FIG. 4 is a first action diagram showing an action when the ice 31 adheres to the lens 13 of the camera apparatus 10, and FIG. 5 is a second action showing an action when the ice 31 adheres to the lens 13 of the camera apparatus 10. FIG. In addition, about the water drop removal member 14, only the projection part 14b is drawn (the same is true of FIGS. 6-8).
As shown in FIG. 4, when the water droplets adhering to the surface 13 b of the lens 13 and the water film spreading on the surface 13 b of the lens 13 are frozen and the ice 51 is adhering to the surface 13 b of the lens 13, the lens 13 Therefore, it becomes difficult to introduce light into the image sensor 16. Therefore, in FIG. 3, power is supplied to the plurality of heating elements 25 to cause the heating elements 25 to generate heat. As a result, heat is transferred from the plurality of heating elements 25 to the lens 13 via the adhesive 26 and the lens barrel 12, so that the portion of the ice 51 in contact with the lens 13 is unwound in FIG.

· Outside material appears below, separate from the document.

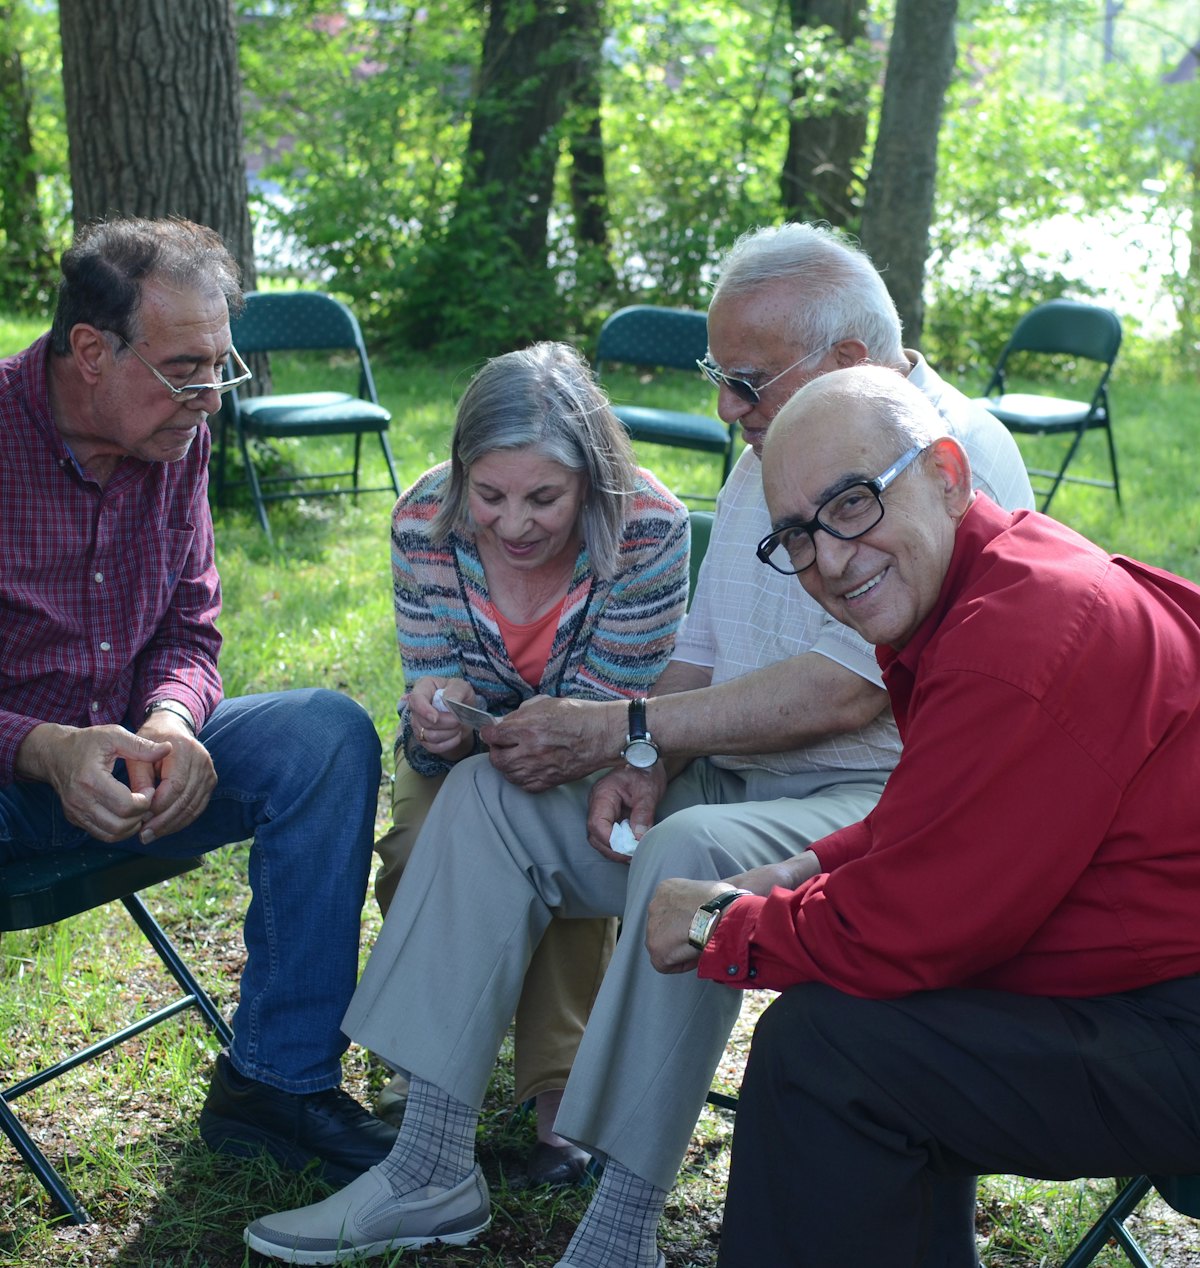 Ridvan is a joyful occasion for fellowship. Here, members of Baha'i community socialize at a recent celebration in Louisville, Kentucky, USA.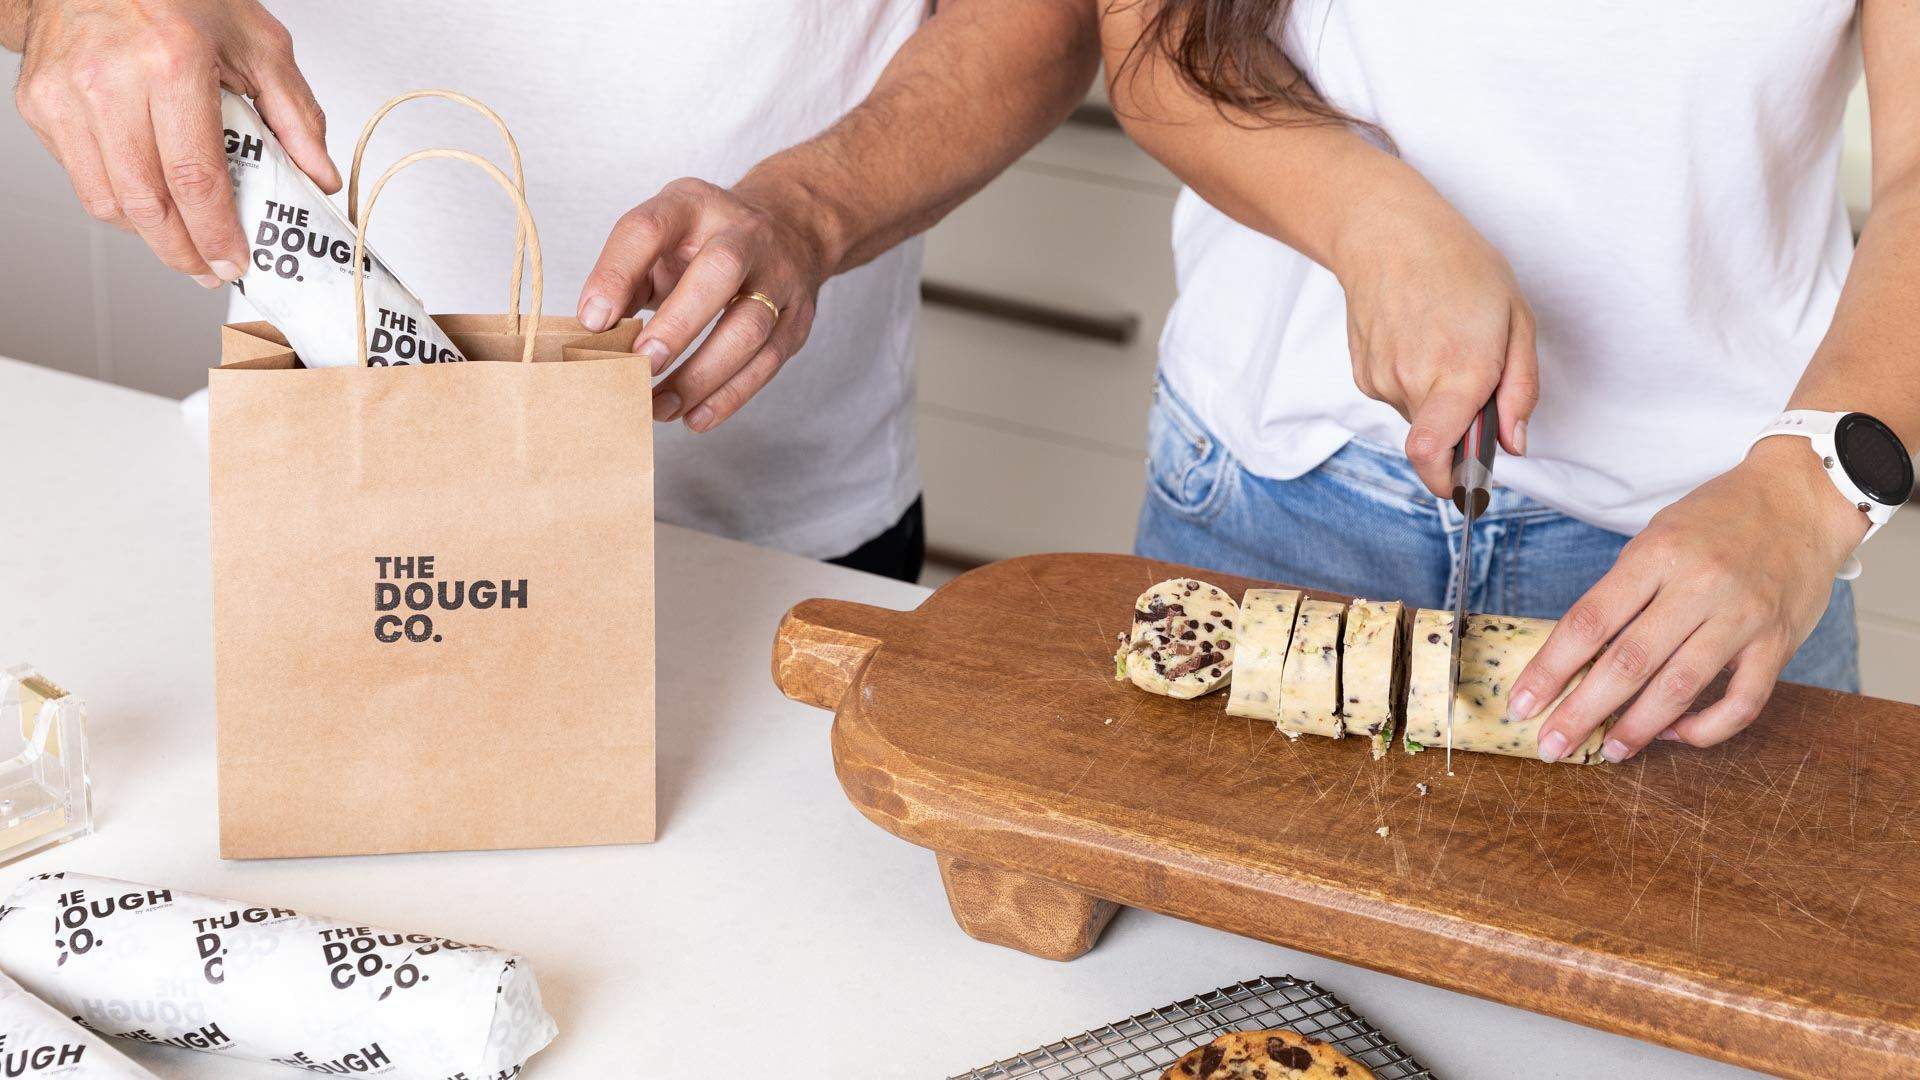 Makin' Dough: How a Melbourne Law Student Used Lockdown to Launch a Ready-to-Bake Cookie Business

As a result, the water formed by melting the ice 51 spreads in a film shape between the surface 13 b of the hydrophilic lens 13 and the remaining ice 51. As a result, as shown in FIG. 5, the remaining ice 51 slides down on the lens 13 and falls from the lens 13. At this time, when a part of the ice 51 is in contact with the tip 14e of the protrusion 14b of the water droplet removing member 14, a moment centering on the tip 14e acts on the ice 51. 51 falls while falling around the tip end portion 14e and falls.
Thus, since the protrusion 14b is provided at a position shifted laterally with respect to the lower center of the lens 13, the protrusion 51b is unlikely to obstruct the descending and falling of the ice 51. Further, by making the tip portion 14e of the protrusion 14b narrow or pointed, the rotation after the ice 51 comes into contact with the tip portion 14e becomes smooth and the ice 51 can be easily dropped. Can do.
For example, if the water drop removing member 14 is not provided with a protrusion and the ice 51 is received by a portion that is not a protrusion, the ice 51 is difficult to rotate, and the ice 51 is prevented from descending and falling.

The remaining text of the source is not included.